SUPPLIED MATERIAL Start Marker

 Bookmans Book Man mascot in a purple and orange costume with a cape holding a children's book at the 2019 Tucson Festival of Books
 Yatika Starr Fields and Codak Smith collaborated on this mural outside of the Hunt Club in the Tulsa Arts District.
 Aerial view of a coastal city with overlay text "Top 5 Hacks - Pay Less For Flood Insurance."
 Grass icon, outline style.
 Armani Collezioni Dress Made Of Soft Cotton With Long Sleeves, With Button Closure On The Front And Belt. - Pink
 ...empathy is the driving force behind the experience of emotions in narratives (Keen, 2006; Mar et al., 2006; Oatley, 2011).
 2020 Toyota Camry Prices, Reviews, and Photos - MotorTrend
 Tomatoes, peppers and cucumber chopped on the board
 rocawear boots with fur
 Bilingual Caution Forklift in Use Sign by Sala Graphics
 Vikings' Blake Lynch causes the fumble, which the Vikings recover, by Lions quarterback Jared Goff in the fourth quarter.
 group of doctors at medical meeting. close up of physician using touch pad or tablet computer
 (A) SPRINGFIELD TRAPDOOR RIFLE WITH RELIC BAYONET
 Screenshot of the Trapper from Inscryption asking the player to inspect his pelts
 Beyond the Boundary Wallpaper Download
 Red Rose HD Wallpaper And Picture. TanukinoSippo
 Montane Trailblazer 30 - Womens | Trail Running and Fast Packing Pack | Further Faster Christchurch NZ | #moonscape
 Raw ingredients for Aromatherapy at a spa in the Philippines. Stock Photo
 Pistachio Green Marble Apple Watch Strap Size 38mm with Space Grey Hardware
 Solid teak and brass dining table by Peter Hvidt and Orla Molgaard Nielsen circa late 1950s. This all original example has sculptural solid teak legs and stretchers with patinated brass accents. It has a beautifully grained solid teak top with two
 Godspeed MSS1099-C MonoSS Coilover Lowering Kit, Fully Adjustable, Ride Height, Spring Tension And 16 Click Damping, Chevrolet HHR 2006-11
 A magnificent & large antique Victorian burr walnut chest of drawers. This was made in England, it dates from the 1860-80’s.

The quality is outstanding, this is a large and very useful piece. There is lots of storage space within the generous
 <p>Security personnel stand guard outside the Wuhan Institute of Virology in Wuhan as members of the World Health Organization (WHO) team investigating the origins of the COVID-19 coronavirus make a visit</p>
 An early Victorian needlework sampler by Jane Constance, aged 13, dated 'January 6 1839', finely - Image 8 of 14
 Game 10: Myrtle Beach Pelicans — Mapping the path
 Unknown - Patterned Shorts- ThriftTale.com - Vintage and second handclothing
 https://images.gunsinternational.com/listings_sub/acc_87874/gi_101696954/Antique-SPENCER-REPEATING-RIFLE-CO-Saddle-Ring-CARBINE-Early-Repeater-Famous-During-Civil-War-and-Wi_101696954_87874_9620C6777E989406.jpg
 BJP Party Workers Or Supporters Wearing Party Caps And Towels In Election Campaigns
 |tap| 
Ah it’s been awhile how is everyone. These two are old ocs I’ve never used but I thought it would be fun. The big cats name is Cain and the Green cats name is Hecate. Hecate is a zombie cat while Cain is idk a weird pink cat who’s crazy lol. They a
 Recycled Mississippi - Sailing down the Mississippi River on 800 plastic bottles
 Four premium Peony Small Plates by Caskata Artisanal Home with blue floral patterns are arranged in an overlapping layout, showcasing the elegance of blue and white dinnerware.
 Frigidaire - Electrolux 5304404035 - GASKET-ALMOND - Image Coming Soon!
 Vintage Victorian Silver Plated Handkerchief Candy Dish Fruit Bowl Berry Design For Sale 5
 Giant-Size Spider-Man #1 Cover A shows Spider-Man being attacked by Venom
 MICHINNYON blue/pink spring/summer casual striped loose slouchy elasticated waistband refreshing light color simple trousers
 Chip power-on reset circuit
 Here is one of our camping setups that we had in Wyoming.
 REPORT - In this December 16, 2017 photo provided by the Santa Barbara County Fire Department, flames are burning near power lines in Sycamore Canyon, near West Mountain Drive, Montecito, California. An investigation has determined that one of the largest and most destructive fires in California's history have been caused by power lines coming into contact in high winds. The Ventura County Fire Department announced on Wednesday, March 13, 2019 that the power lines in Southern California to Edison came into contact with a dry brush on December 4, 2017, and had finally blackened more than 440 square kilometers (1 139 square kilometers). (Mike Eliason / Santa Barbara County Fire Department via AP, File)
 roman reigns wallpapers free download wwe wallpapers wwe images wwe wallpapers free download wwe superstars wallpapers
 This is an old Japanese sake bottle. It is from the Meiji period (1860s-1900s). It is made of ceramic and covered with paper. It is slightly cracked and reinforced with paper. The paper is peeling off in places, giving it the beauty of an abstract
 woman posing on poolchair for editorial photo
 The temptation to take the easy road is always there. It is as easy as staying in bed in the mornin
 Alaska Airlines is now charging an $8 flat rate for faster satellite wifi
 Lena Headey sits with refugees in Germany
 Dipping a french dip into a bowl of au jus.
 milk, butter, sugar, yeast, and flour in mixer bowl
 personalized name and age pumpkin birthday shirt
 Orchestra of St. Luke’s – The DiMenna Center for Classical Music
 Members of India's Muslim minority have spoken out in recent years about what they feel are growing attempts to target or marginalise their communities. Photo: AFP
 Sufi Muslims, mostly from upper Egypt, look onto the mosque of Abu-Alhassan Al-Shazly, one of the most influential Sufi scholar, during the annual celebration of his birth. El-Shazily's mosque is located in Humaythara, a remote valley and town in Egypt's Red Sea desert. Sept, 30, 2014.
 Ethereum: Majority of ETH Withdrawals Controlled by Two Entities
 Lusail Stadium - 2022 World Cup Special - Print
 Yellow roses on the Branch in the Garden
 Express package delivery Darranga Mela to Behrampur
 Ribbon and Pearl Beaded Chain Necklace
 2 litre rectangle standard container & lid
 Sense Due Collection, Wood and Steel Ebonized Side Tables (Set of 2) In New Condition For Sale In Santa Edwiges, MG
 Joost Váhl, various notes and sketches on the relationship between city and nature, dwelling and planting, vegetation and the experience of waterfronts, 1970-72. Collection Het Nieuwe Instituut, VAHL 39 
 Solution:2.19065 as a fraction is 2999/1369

SUPPLIED MATERIAL End Marker

-- DIRECTIONS --
Of the entries above, tally the lines with "outside" in them. Only the total should be given.

-- ANSWER TO THIS TASK --
2